[Available data]

========================================

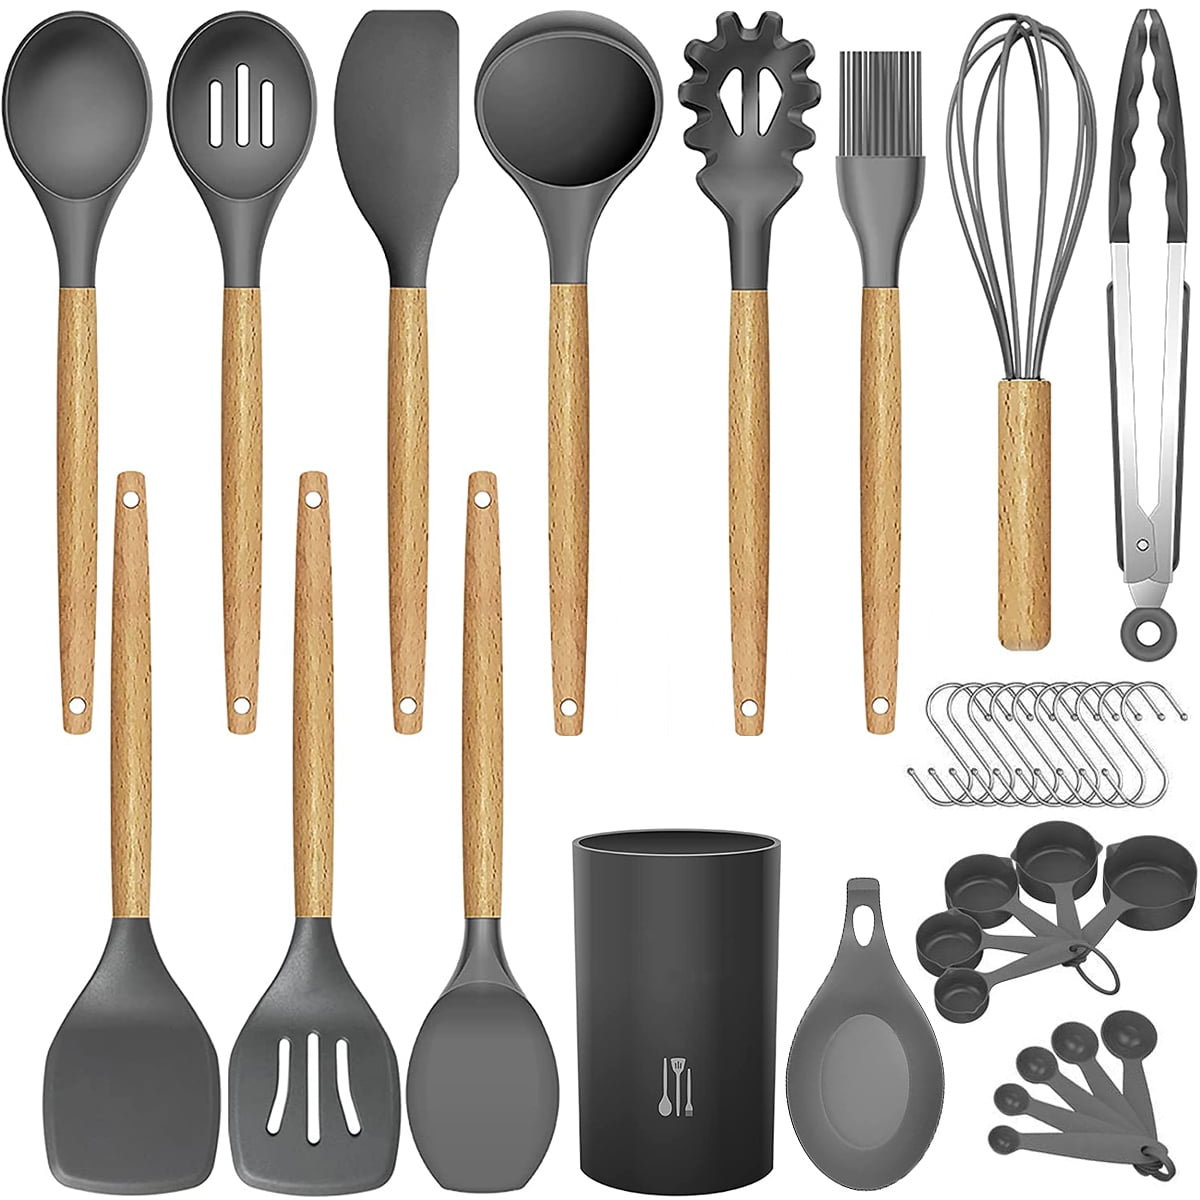 Silicone Cooking Utensils Set Spatula Set Non Toxic Heat Resistant Nonstick Silicone Handle,Easy To Clean Kitchen Cooking Utensils Set 10 Pcs Kitchen Utensil Set With Holder Black 
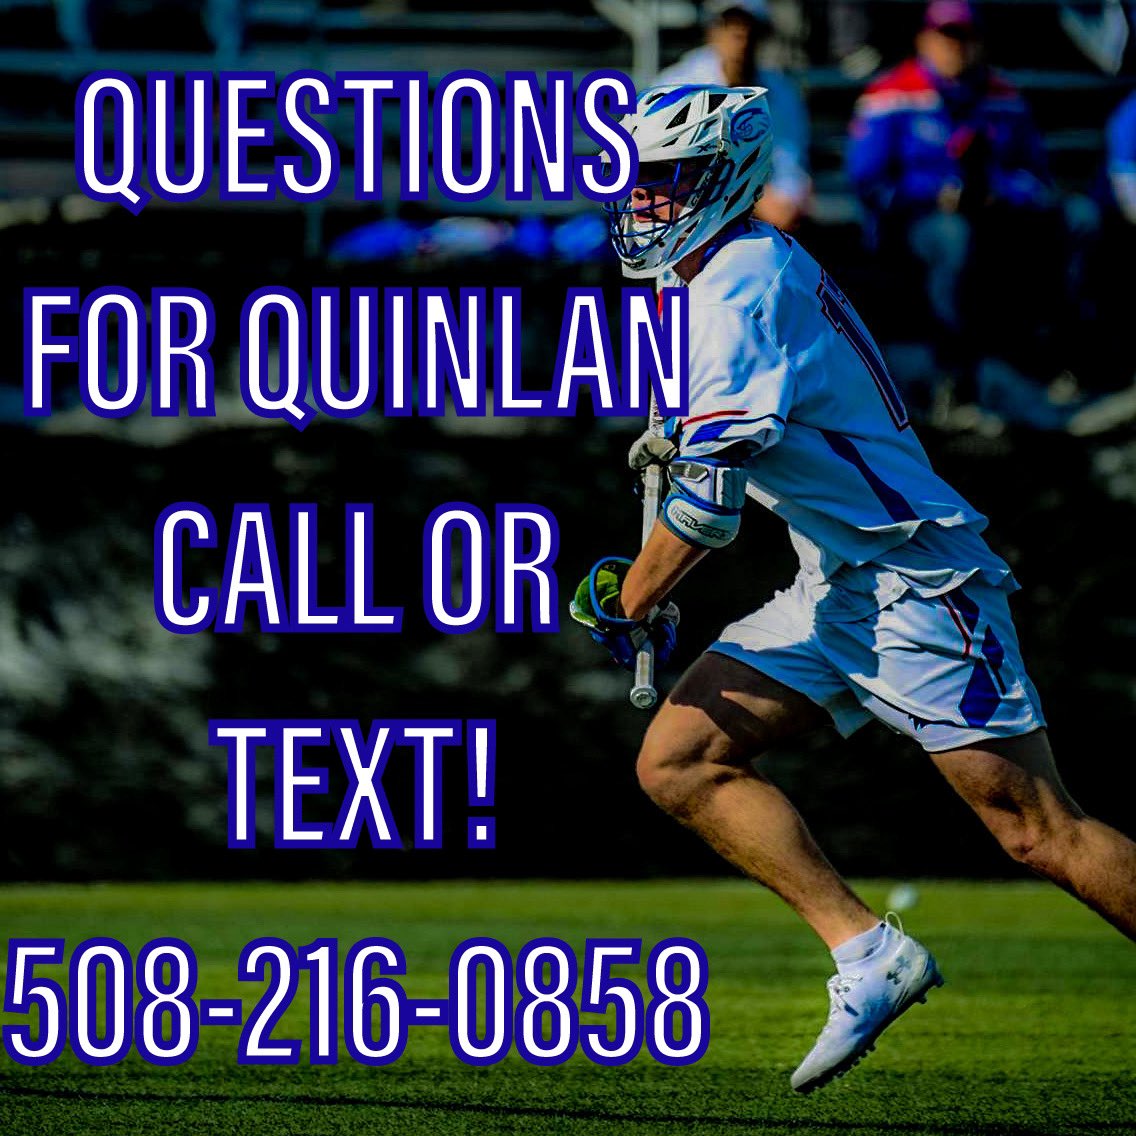 Still need your questions for UMass Lowell Men’s Lax player, Ryan Quinlan! Recording Thursday night so call or text ASAP! @SC_Varsity #sportspodcast #collegelacrosse #southcoastma
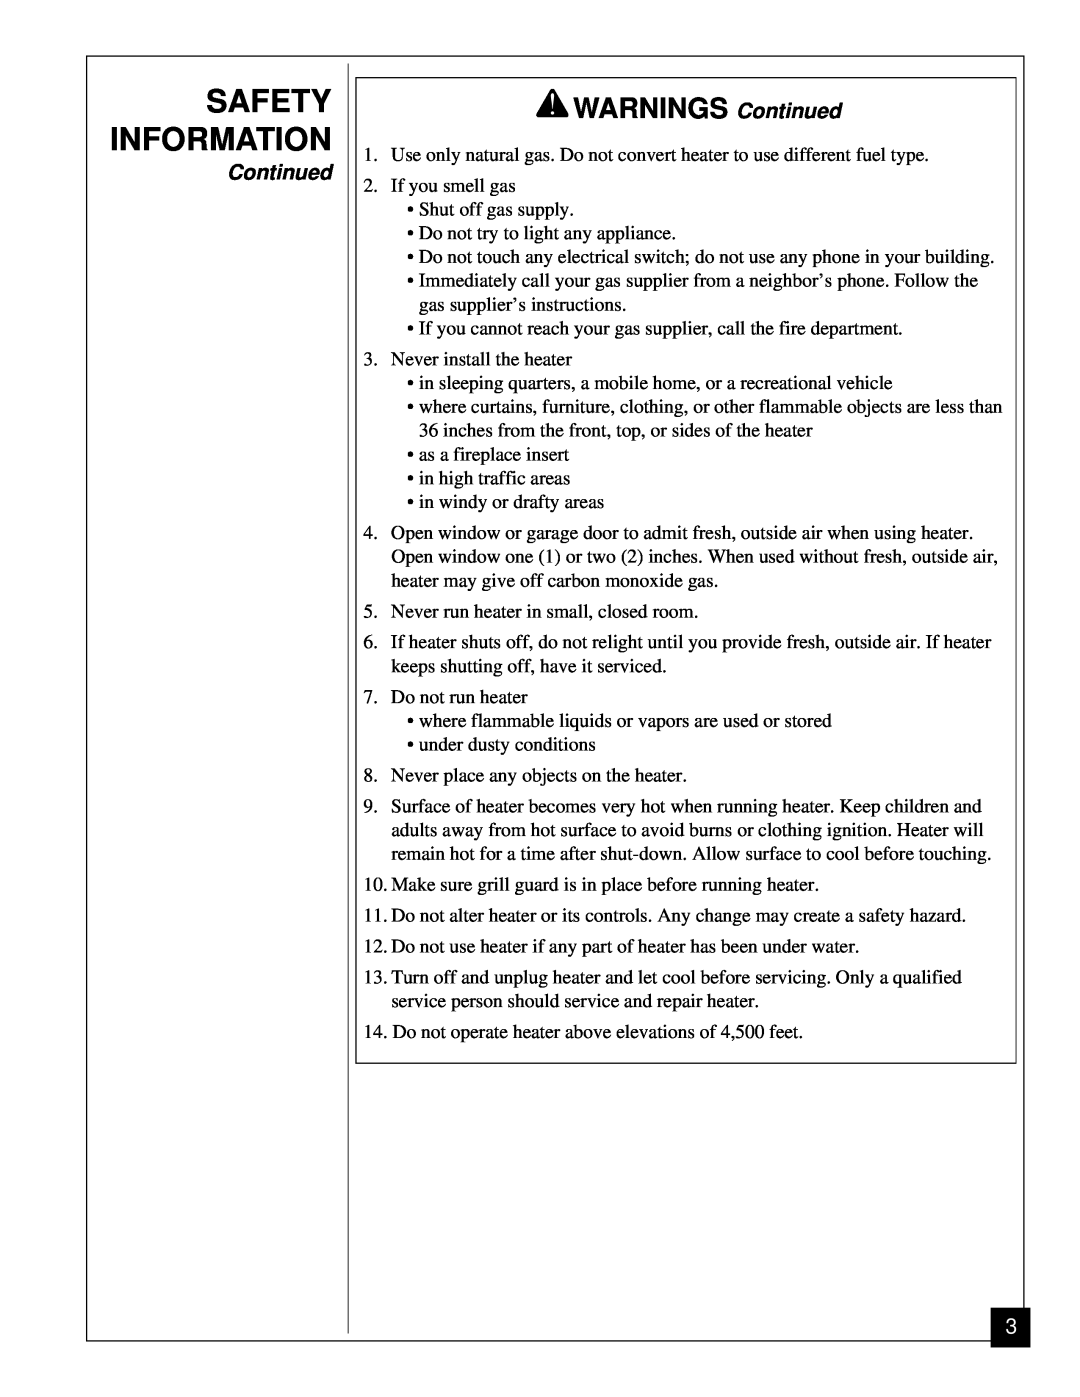 Vanguard Heating VGN30 installation manual Safety Information, WARNINGS Continued

========================================

Write every line of the data out again exactly, leaving out all images.

 Silicone Cooking Utensils Set Spatula Set Non Toxic Heat Resistant Nonstick Silicone Handle,Easy To Clean Kitchen Cooking Utensils Set 10 Pcs Kitchen Utensil Set With Holder Black 
 Still need your questions for UMass Lowell Men’s Lax player, Ryan Quinlan! Recording Thursday night so call or text ASAP! @SC_Varsity #sportspodcast #collegelacrosse #southcoastma
 Vanguard Heating VGN30 installation manual Safety Information, WARNINGS Continued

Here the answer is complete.